- Born: Daniel E. Gawthrop 21 October 1949 (age 76)
- Origin: Fort Wayne, Indiana
- Genres: Contemporary classical
- Occupation: Composer
- Instruments: Piano, Organ

= Daniel E. Gawthrop =

American composer

Daniel E. Gawthrop (born 1949 in Fort Wayne, Indiana) is an American composer, primarily of choral music. His output also includes a substantial body of works for the organ as well as orchestral and instrumental works. He has been the recipient of over one hundred commissions to write original music. His works have been published by Warner Brothers, Theodore Presser, Sacred Music Press, and others.

==Biography==

Gawthrop attended Michigan State University, and Brigham Young University.

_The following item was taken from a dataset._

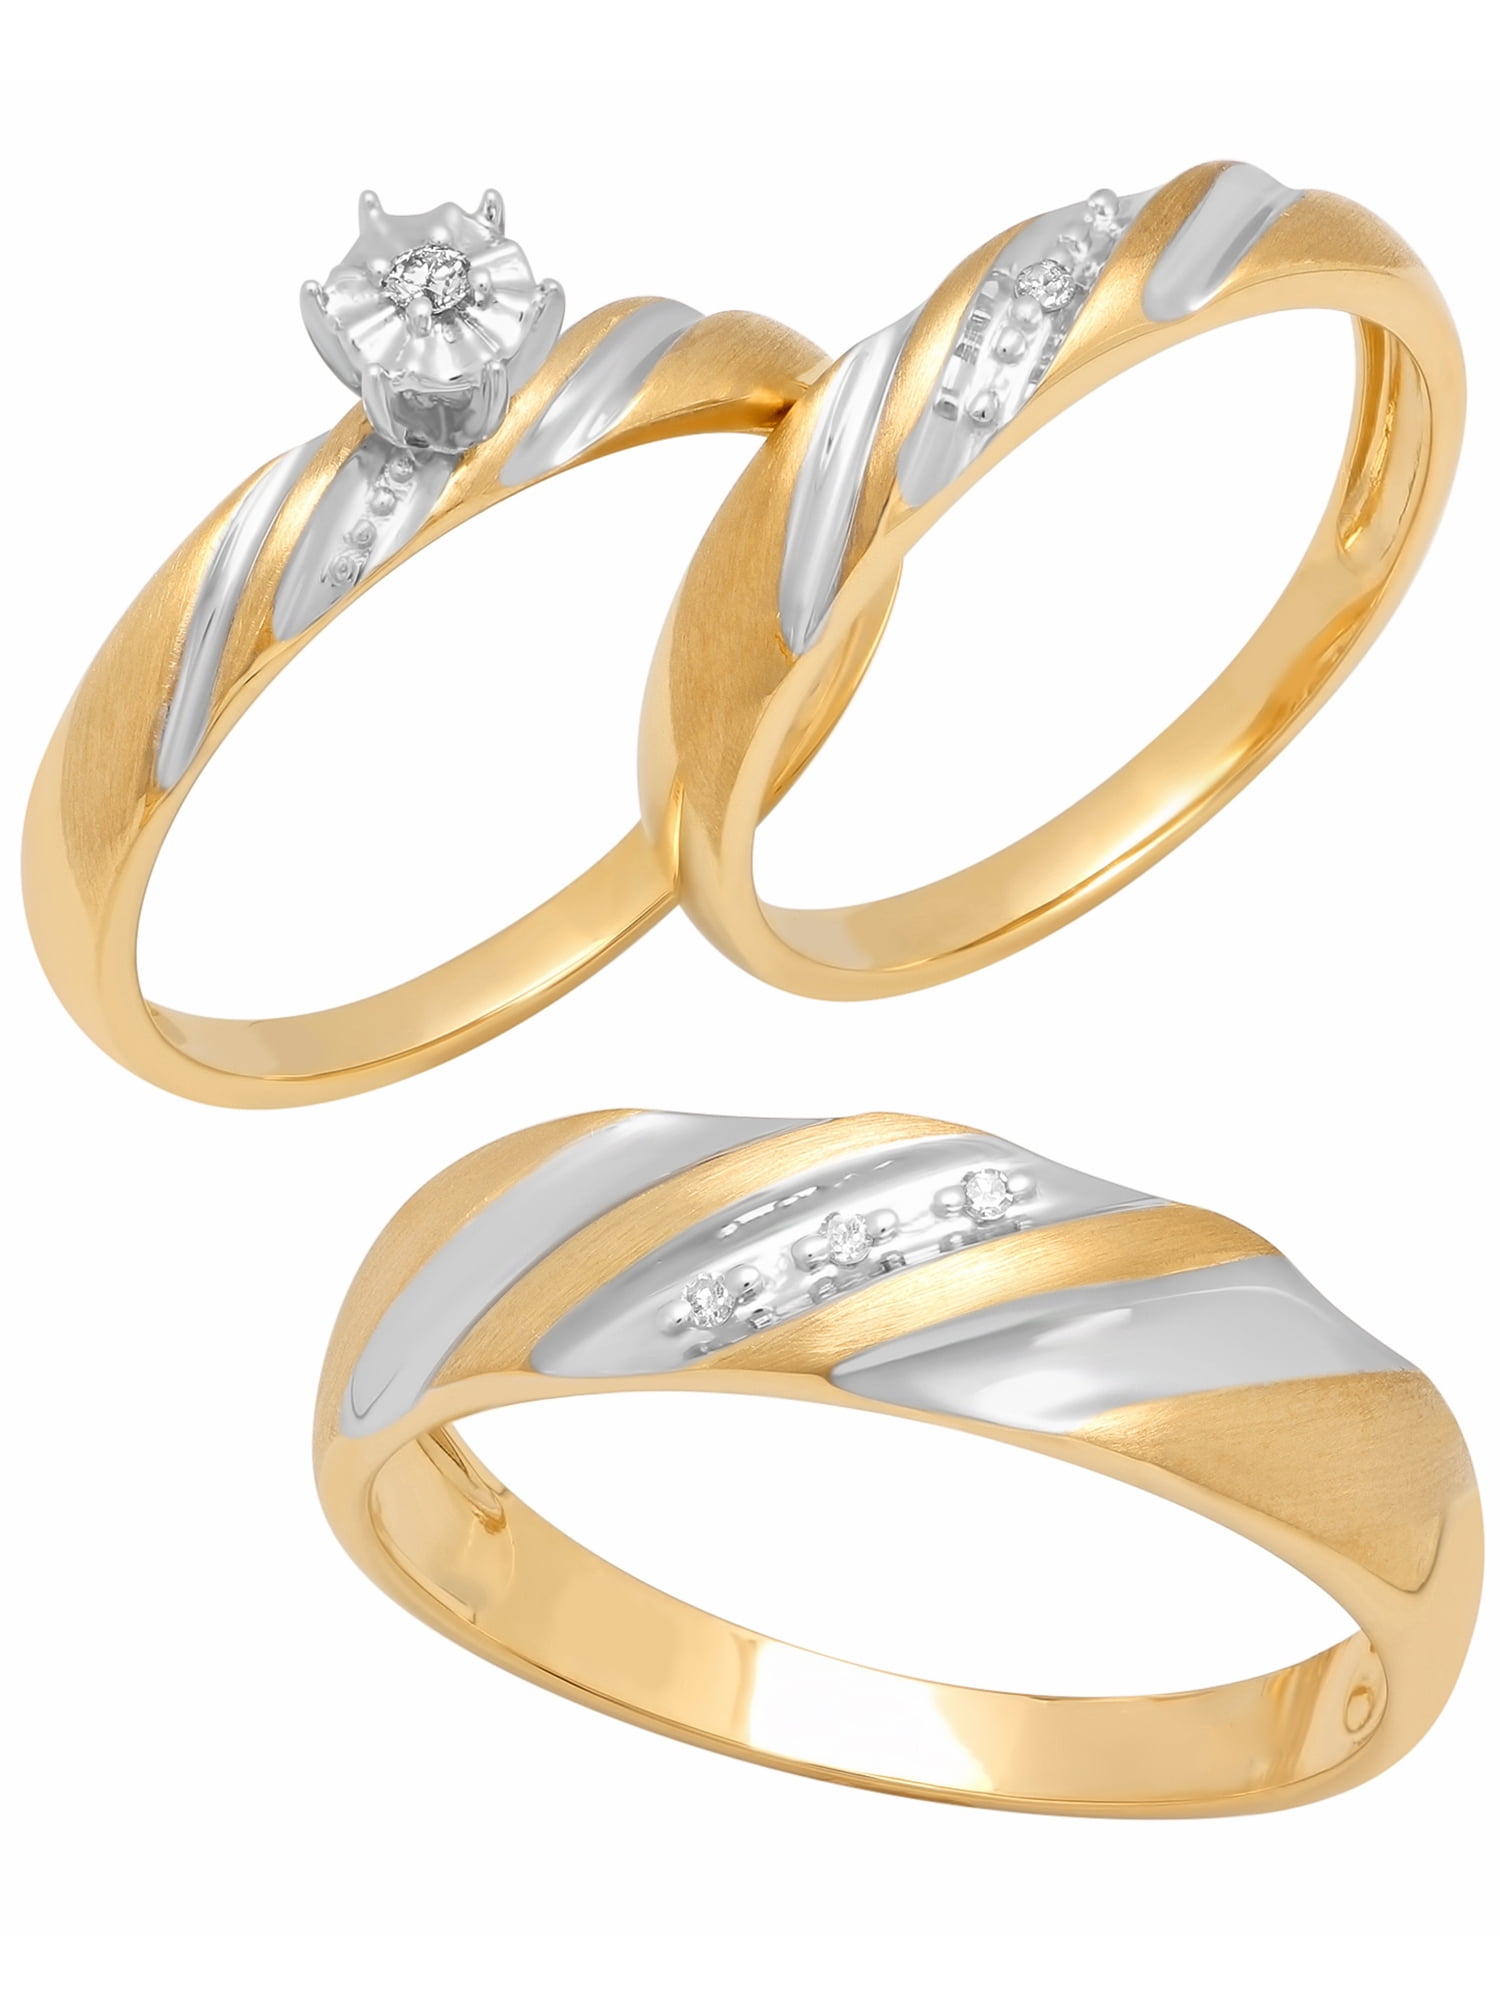 10k Yellow Gold Trio His Her Men Womens Diamond Rings Set Wedding Bridal Bands 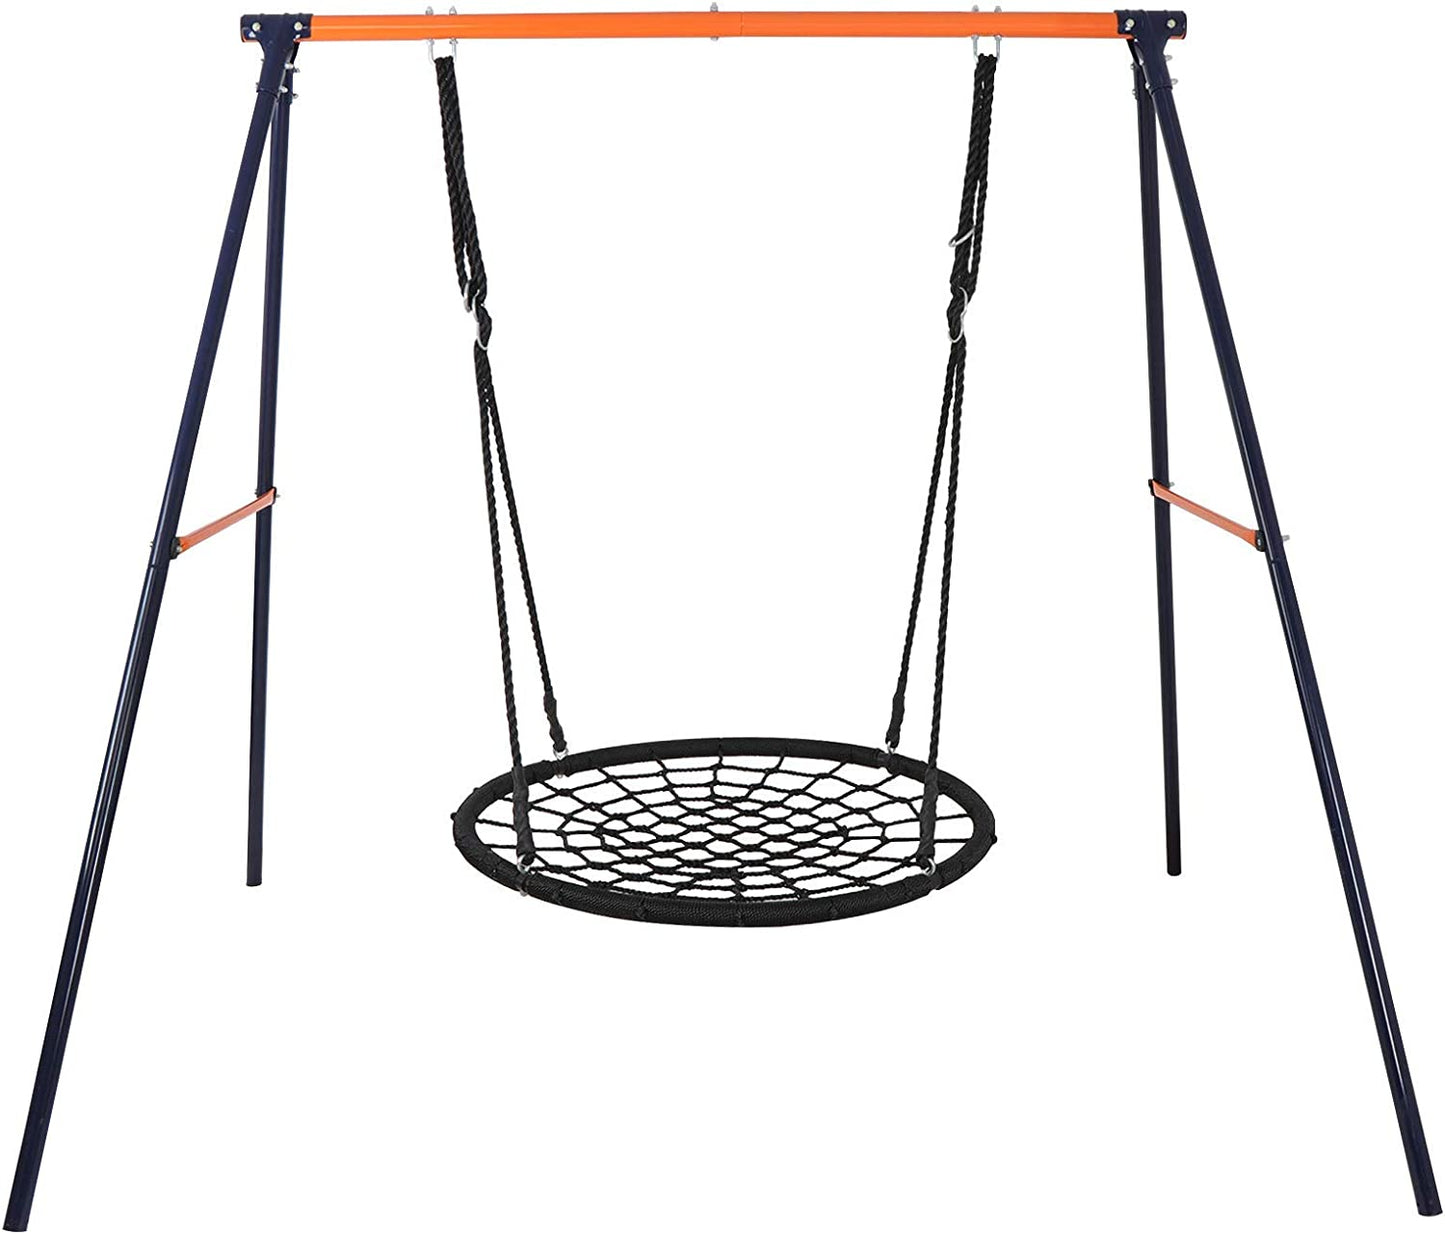 Kids Web Swing Set - 40’’ Spider Net Tree Swing and Metal Swing Frame Stand Swing Playset for Backyard Playground Kids Play Fun

He served for three years as Composer-in-Residence to the Fairfax Symphony Orchestra (of Fairfax, Virginia, a suburb of Washington, D.C.) beginning in 1990, and has been the recipient of four grants from the Barlow Endowment for Musical Composition. He has been commissioned by various institutions including the American Choral Directors Association through their Brock Commission, and has had works première in the Concert Hall of the John F. Kennedy Center for the Performing Arts, the Salt Lake City Mormon Tabernacle, and Washington National Cathedral. His choral pieces have been performed and recorded by such eminent ensembles as the United States Air Force Singing Sergeants, the Gregg Smith Singers, the Turtle Creek Chorale, the Paul Hill Chorale, the American Boychoir, the Mormon Tabernacle Choir, the Cathedral Choral Society (of Washington National Cathedral), Thomas Circle Singers, and hundreds of other groups in the U.S. and abroad. From 1985 to 1987 Gawthrop worked as a radio announcer for KBYU

In 1991, he established his own publishing company, Dunstan House.

In addition to his work as a composer, Gawthrop has been active as a broadcaster, clinician and adjudicator, organist, conductor, teacher and writer, including a period as music critic for The Washington Post. Gawthrop is a Life Member of the American Choral Directors Association, a member of the American Guild of Organists, and a member of Phi Mu Alpha Sinfonia, the music fraternity, of which he was the Charles E. Lutton Man of Music Award recipient in 2018.

The bulk of his organ works have been recorded on two commercially available CDs. The first, Exultate, was performed by Mary Mozelle on the Princeton University Chapel organ. The second disc, Like a Fire, was performed by David Pickering on the Bales Recital Hall organ at the University of Kansas at Lawrence. The Utah State University Chamber Choir, conducted by Cory Evans, recorded a CD containing much of Gawthop's choral work, called Show Me Thy Ways.

From 2015 to 2019 Gawthrop was the Composer-In-Residence of Renaissance Men, New England's professional male vocal chamber ensemble. The ensemble has commissioned multiple works and has recorded and performed the majority of Gawthrop's men's ensemble repertoire.

Gawthrop resides in southern Idaho with his wife. The couple has five adult children.